Berdasarkan data yang didapat dari Dinas Sosial dan Tenaga Kerja Kota Medan, sebanyak 120 pencari kerja pada tahun 2011 menyampaikan permohonan izin untuk menjadi tenaga kerja asing. Lapangan usaha jasa kemasyarakatan, sosial dan perorangan merupakan yang paling diminati karena 50 persen dari pencari kerja tenaga kerja asing.

Jumlah pencai kerja secara keseluruhan sebesar 4742 orang dengan status sudah dipenuhi sebesar 1986 orang. Pendidikan tertinggi yang ditamatkan oleh para pencari kerja di Kota Medan paling banyak hanya tamatan SLTA.

Human Development Report (Laporan Pembangunan Manusia) yang pertama, pada tahun 1990, mendefinisikan pembangunan manusia sebagai suatu proses untuk membuat manusia mampu memiliki lebih banyak pilihan.

Pembangunan manusia lebih dari sekedar pertumbuhan ekonomi, tetapi tidak anti terhadap pertumbuhan. Dalam perspektif pembangunan manusia, pertumbuhan ekonomi bukanlah tujua akhir. Pertumbuhan ekonomi adalah alat untuk mencapai tujuan akhir, yaitu memperluas pilihan-pilihan bagi manusia. Kalaupun demikian, tidak ada hubungan yang otomatis antara pertumbuhan ekonomi dengan kemajuan pembangunan manusia.

Perkembangan Indeks Pembangunan Manusia (IPM) Kota Medan menunjukkan gambaran yang menggembirakan.

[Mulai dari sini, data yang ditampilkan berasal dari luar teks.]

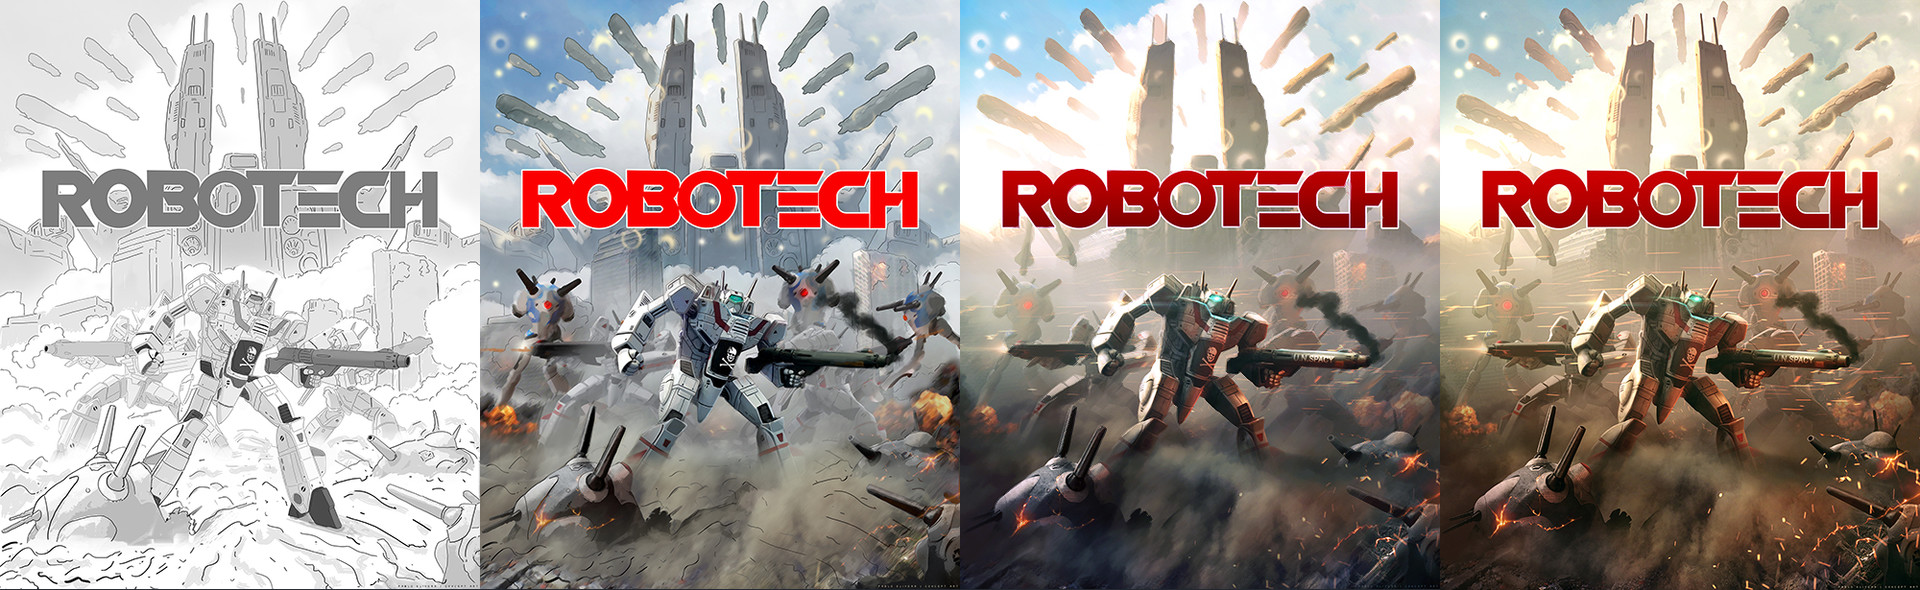 Pablo olivera robotech illustration process

Pada tahun 2011, IPM Kota Medan mencapai 77,68 dibandingkan dengan 30 Daerah Kabupaten/Kota di Provinsi Sumatera Utara, Kota Medan menempati urutan 2 setelah Kota Pematang Siantar. Meningkatnya nilai IPM Kota Medan tidak terlepas dari berbagai upaya yang dilakukan Pemerintah Kota Medan. Dengan motto “Bekerja sama dan sama-sama bekerja demi kemajuan dan kemakmuran Medan Kota Metropolitan, Pemerintah Kota Medan menggandeng berbagai pihak untuk member sumbangsih nyata bagi pembangunan kota.

Hal ini, antara lain terlihat dari besarnya peranan pihak swasta di dalam penyediaan fasilitas pendidikan dasar (SD sebesar 434 unit dari 816 unit), pendididkan menengah

pertama (303 unit dari 348 unit) dan pendidikan menengah atas ( 310 unit dari 344 unit). (Sumber: Medan Dalam Angka 2012).